An Oxford-educated lawyer, he served under President Chandrika Kumaratunga as foreign minister from 1994 to 2001 and again from 2004 until his murder.

He was a member of the minority Tamil community and a determined opponent of the Tamil Tiger separatist rebels.

Suspicion for the attack has fallen on the Tigers, for whom the 73-year-old proved a tough opponent.

Mr Kadirgamar claimed credit for having the Tigers banned in several countries, including the UK and the US.

Long conflict

A close advisor to the president, he was one of the most closely guarded ministers in the cabinet and had warned he was a potential target for the rebels.
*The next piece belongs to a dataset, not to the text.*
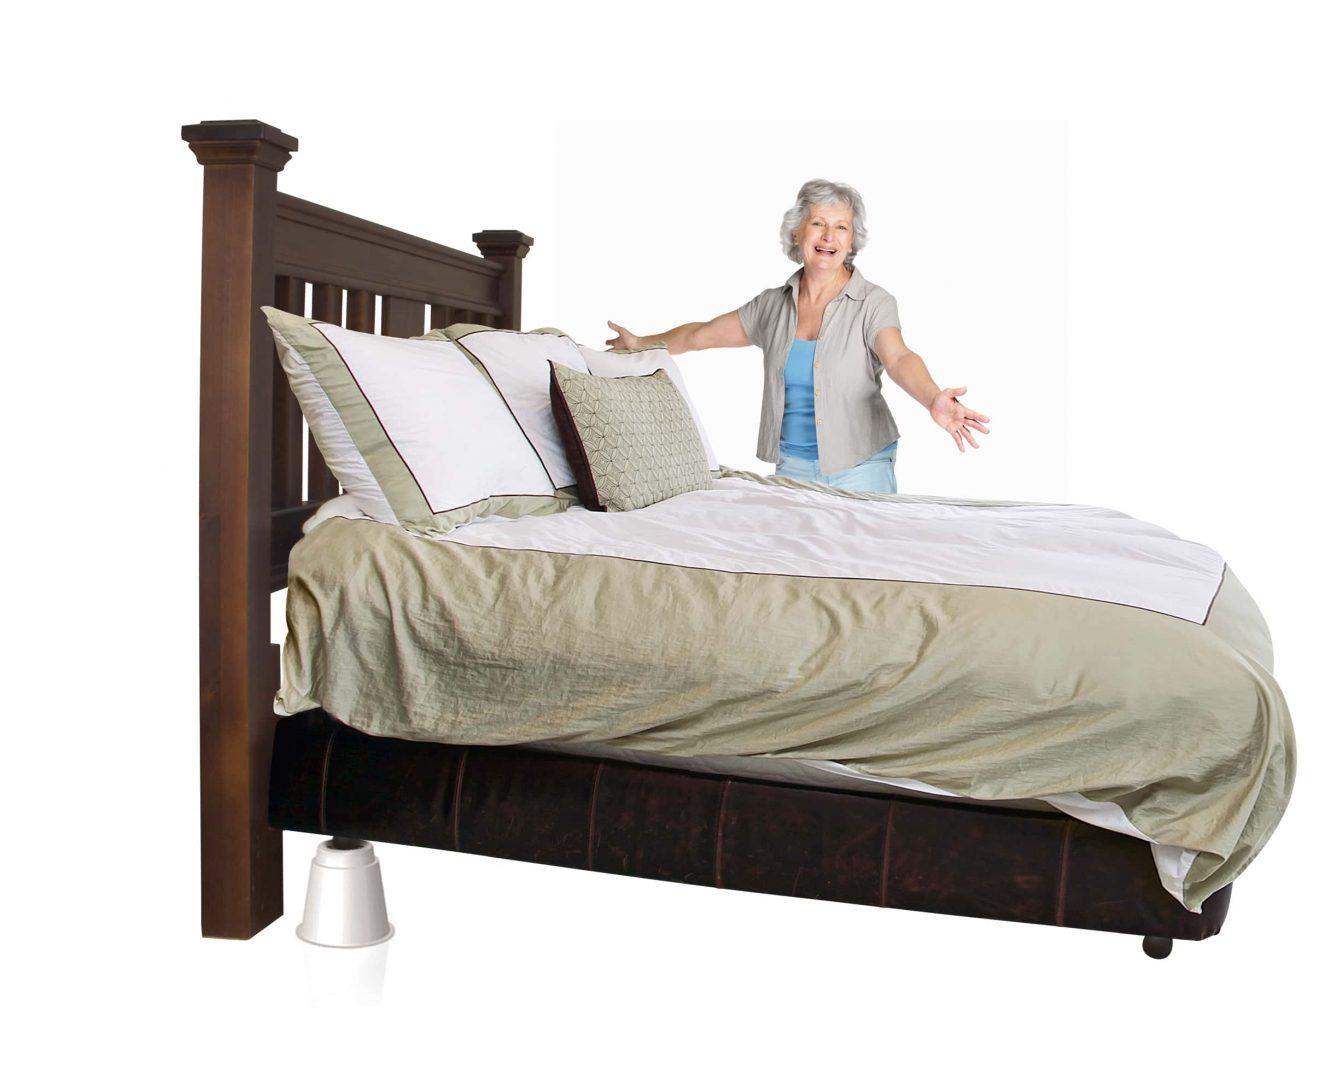 CB656 Medical Bed Risers | Riser | Raisers | Slipstick Foot
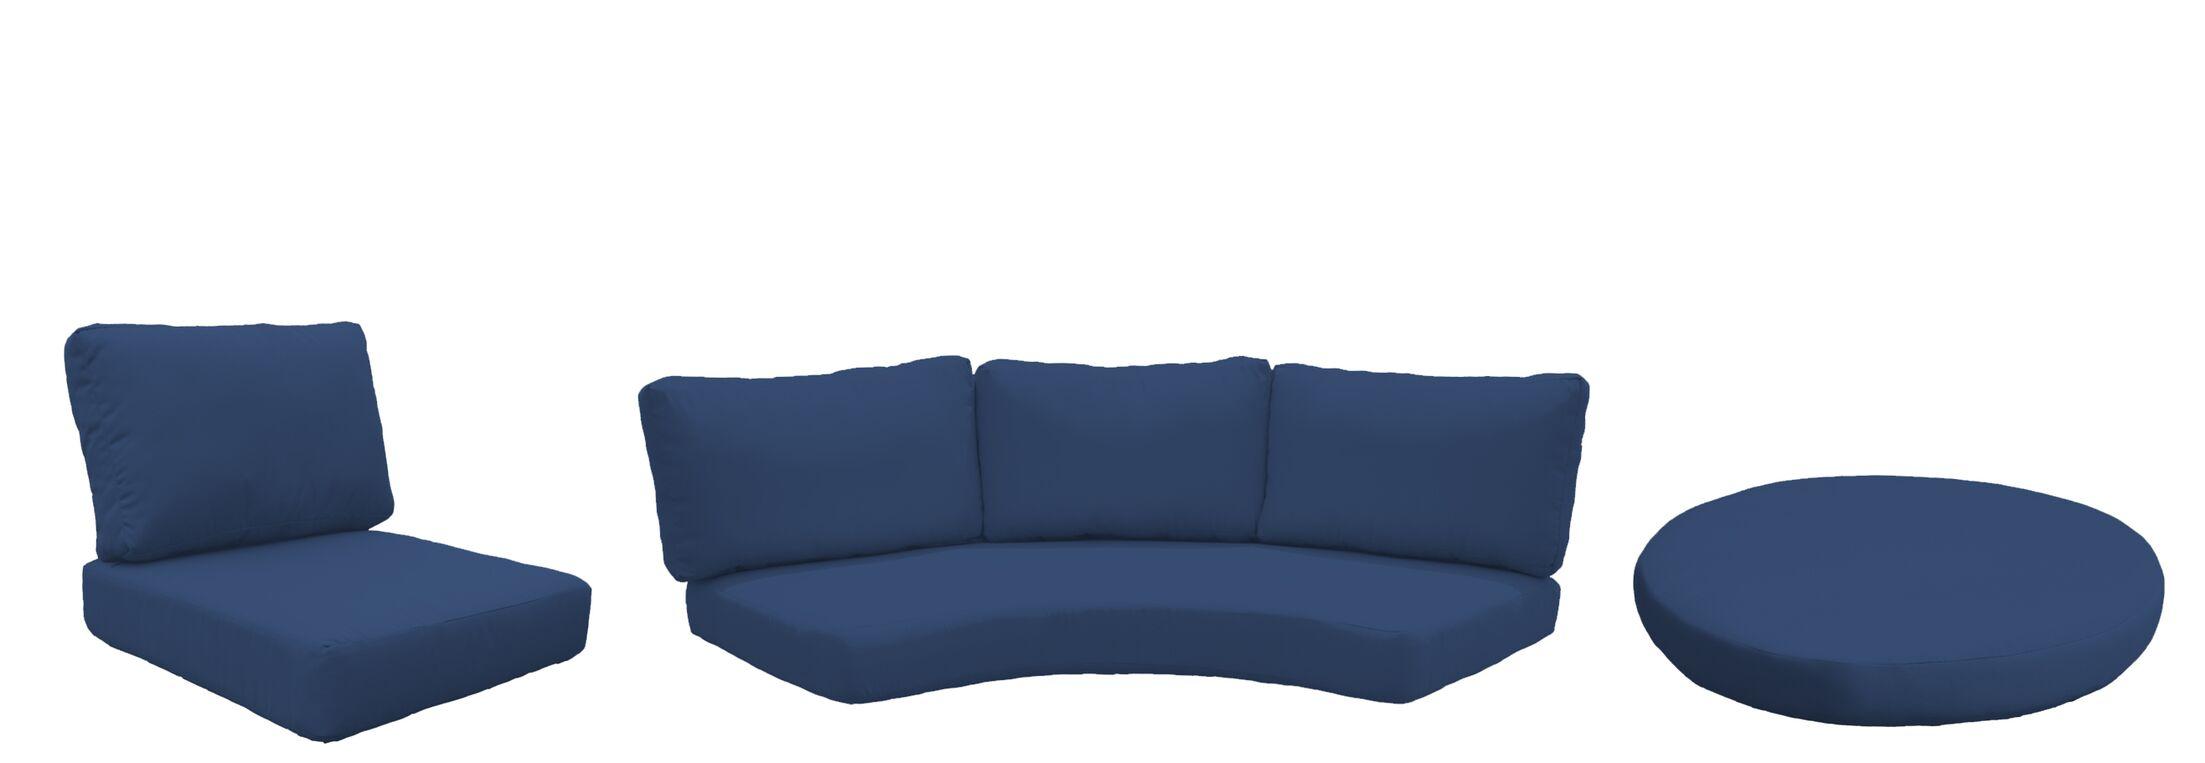 Fairmont 9 Piece Outdoor Cushion Set Fabric: Navy

He was a Tamil Christian from Jaffna, the northern heartland of Tamil separatism, but was strongly opposed to the militant campaign led by the Tamil Tigers.

He was also a vocal critic of the Tigers' alleged human rights abuses, particularly the recruitment of child soldiers.

Mr Kadirgamar criticised the Norwegian-led Sri Lankan peace process, questioning whether foreigners could broker a deal with the separatists without giving too much away.

However, he maintained that the country's three-decade-long conflict must be resolved through peaceful negotiations.

Outspoken critic

Mr Kadirgamar made a bid for the top job in the Commonwealth in 2003, attempting unsuccessfully to oust New Zealand's Don McKinnon as secretary-general.

Entering politics in 1994 after practising law in Sri Lanka and London, he courted some controversy during his political career.

During his first stint as foreign minister, he told the UN to stay out of the island's conflict and concentrate on "malaria and mosquitoes".

He also called an Australian decision to boycott a cricket match in Sri Lanka in 1996 after a bomb attack a "hostile act".

He was regarded as a world expert on intellectual property law and was president of the Oxford Union in 1959.

Mr Kadirgamar leaves his wife Suganthie and two children, Ragi and Ajitha, from his marriage to his first wife, Angela.